§ EXERCISE:
What you give back should be exactly the lines from the one with "Products Tulip Vase" through the end of the data, without the pictures.
*** DATASET EXTRACT ***
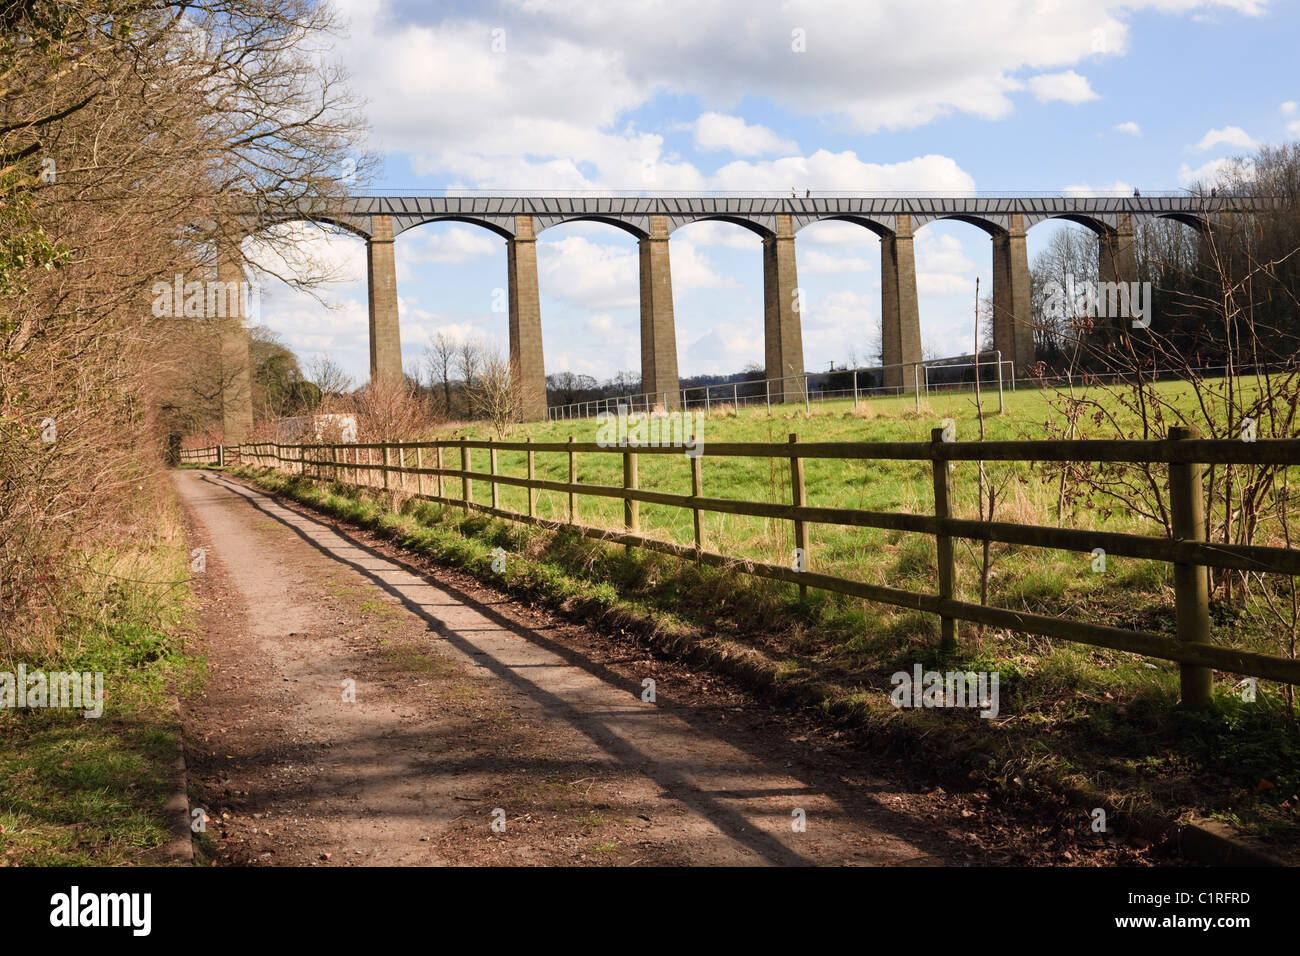 Froncysyllte, Wrexham, North Wales, UK. Telford's Pontcysyllte Aqueduct carrying the Llangollen Canal across the Dee valley. Stock Photo
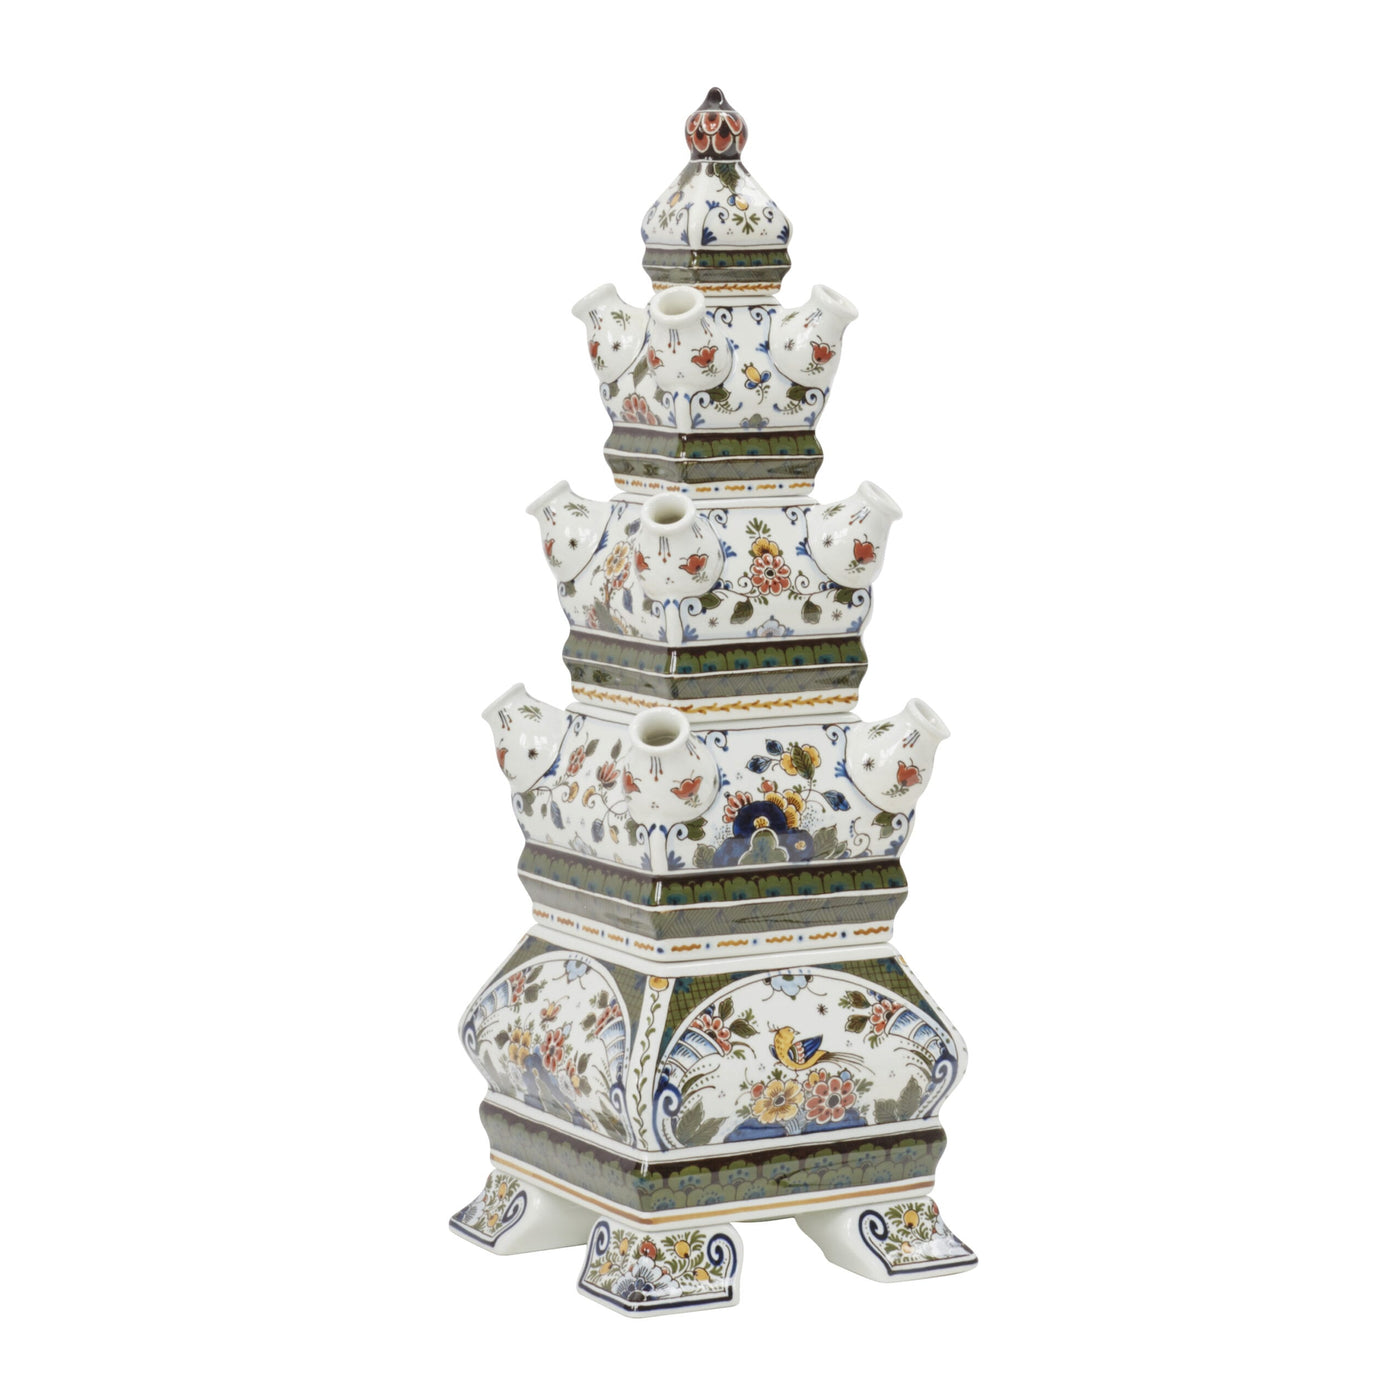 Products Tulip Vase Tablepiece Flower Pyramid Delft Polychrome Hand-Painted
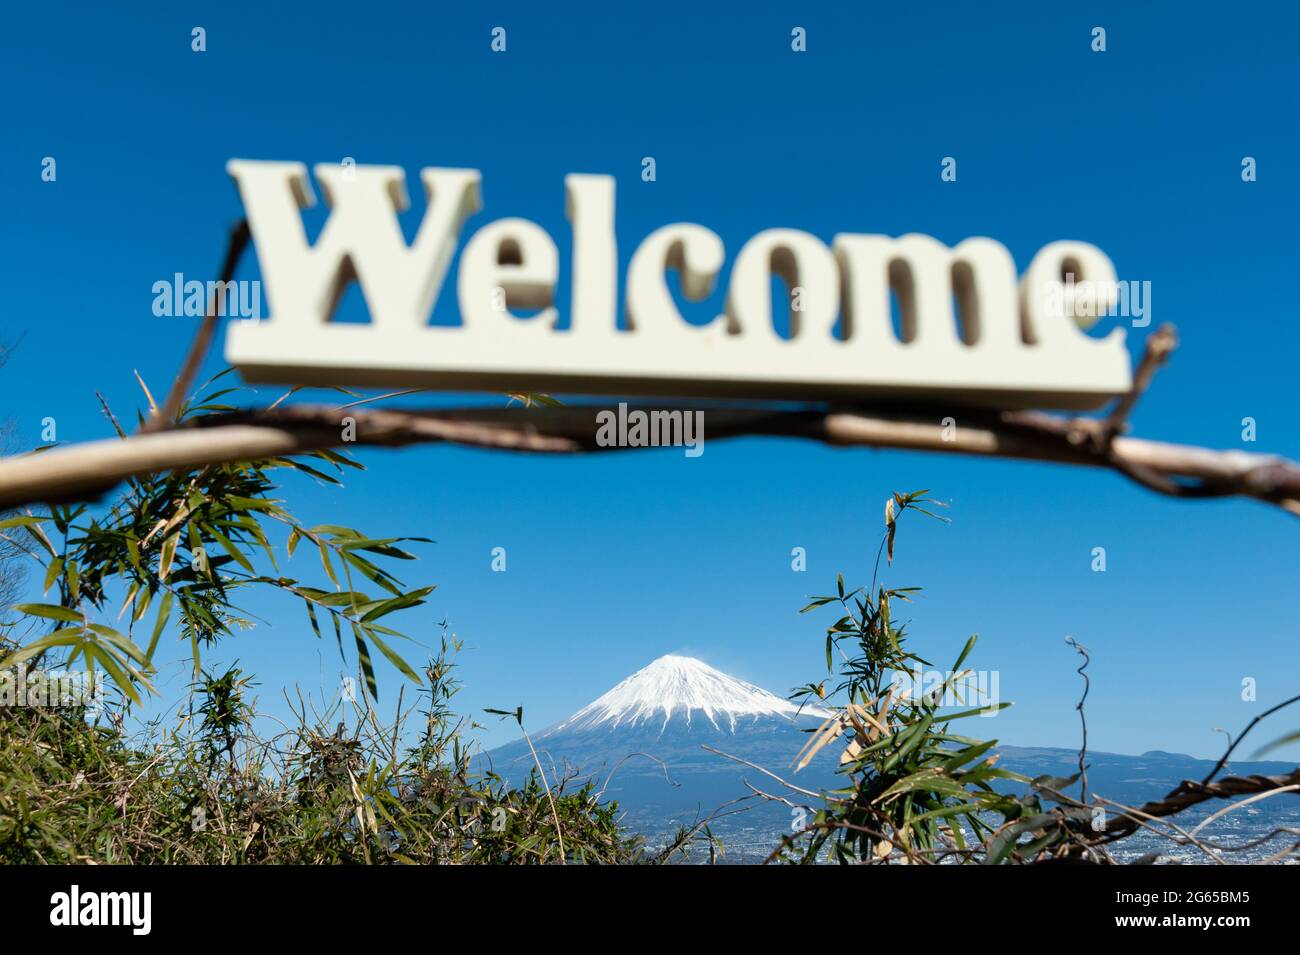 'Welcome' word written in wood. Background with Fuji City aerial view and the famous Mount Fuji with snowy peak. Stock Photo
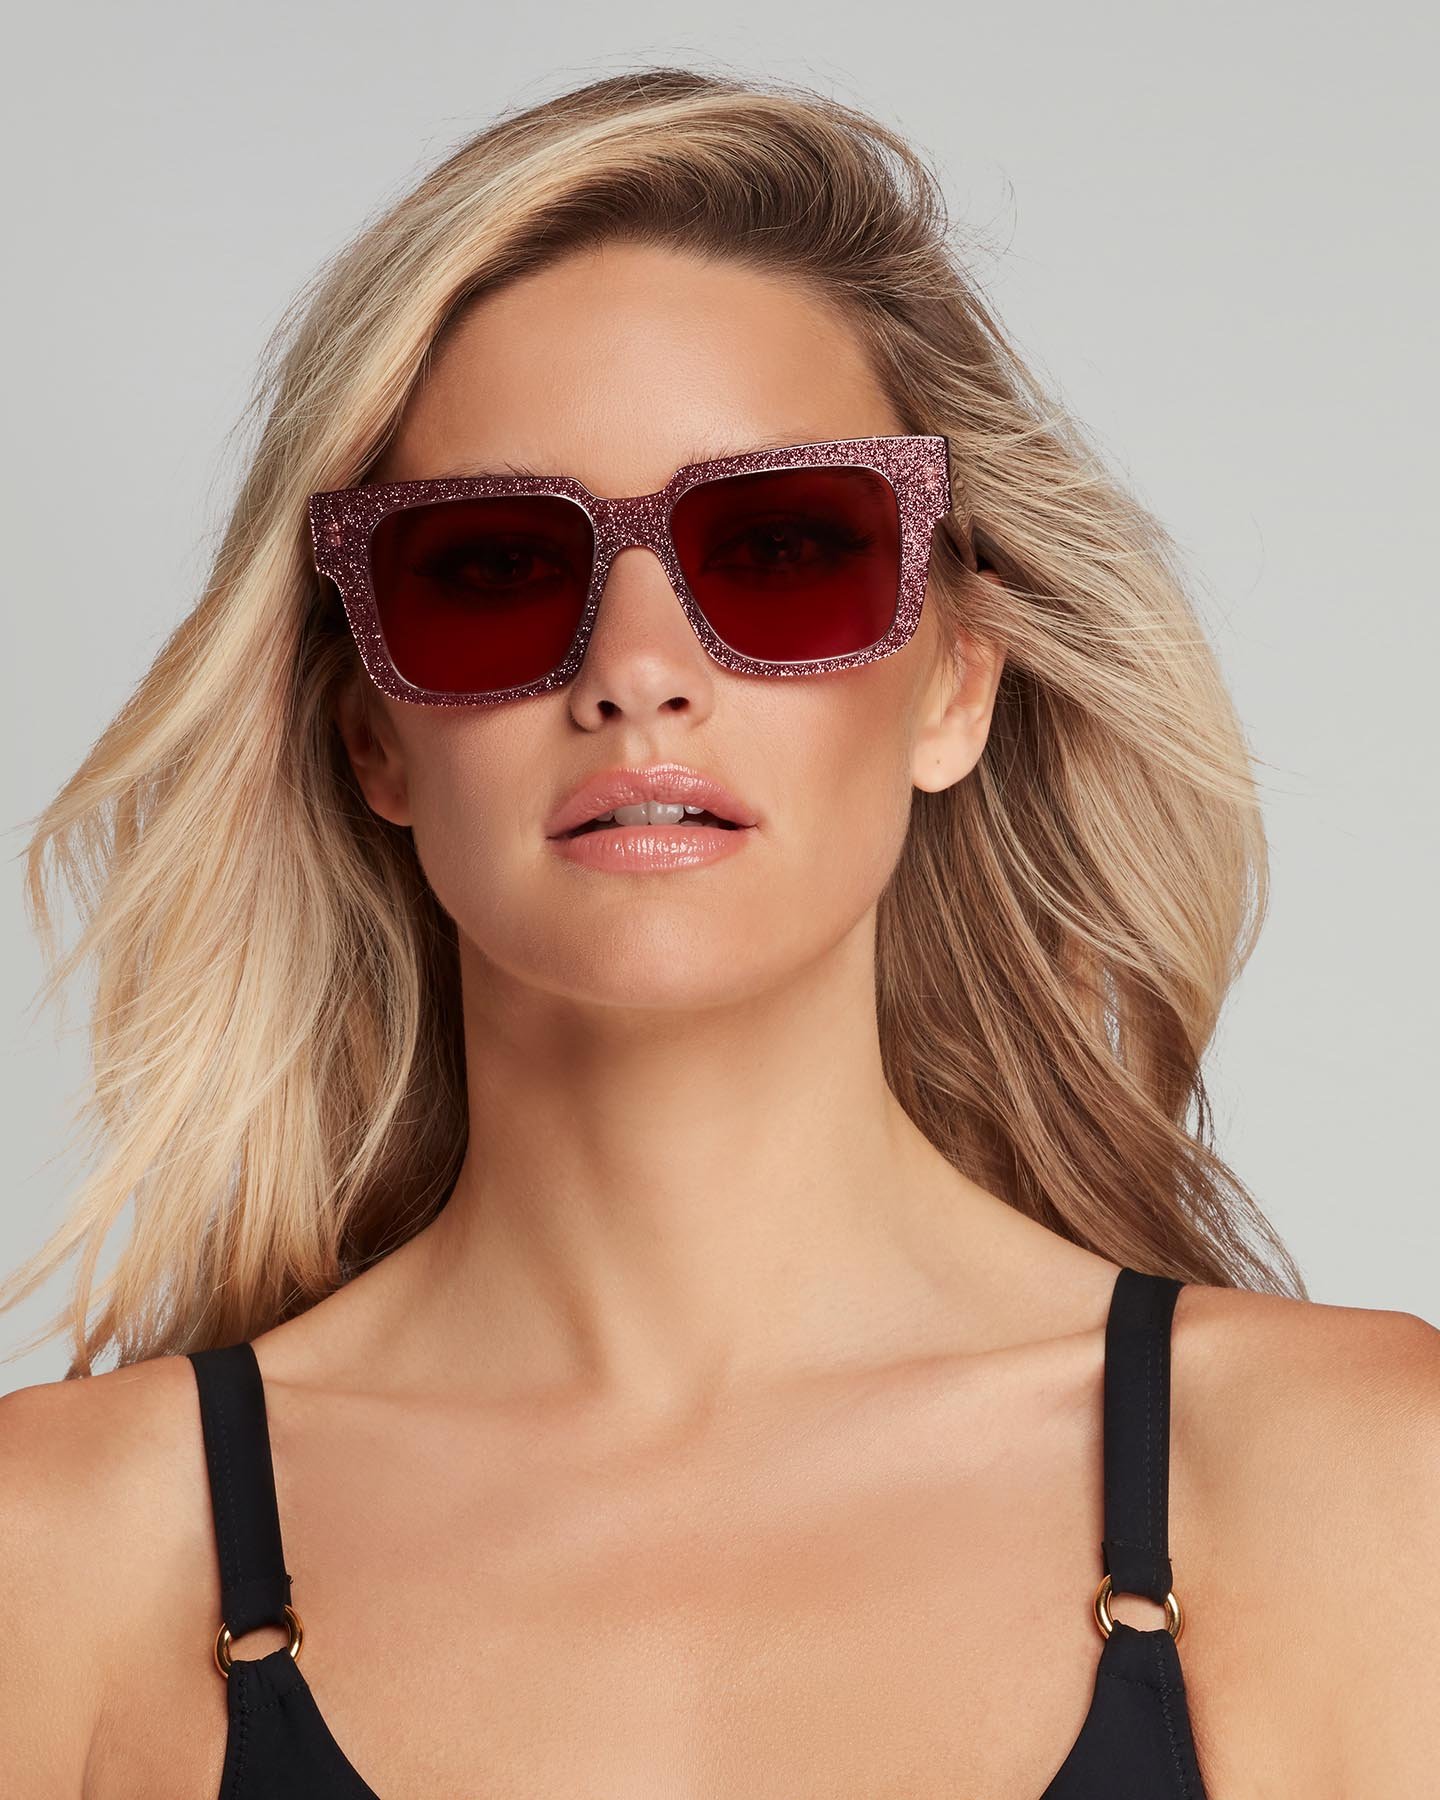 Sunglasses | By Agent Provocateur All
*** End of DATASET EXTRACT ***
§ YOUR RESPONSE:
 Products Tulip Vase Tablepiece Flower Pyramid Delft Polychrome Hand-Painted
 'Welcome' word written in wood. Background with Fuji City aerial view and the famous Mount Fuji with snowy peak. Stock Photo
 Sunglasses | By Agent Provocateur All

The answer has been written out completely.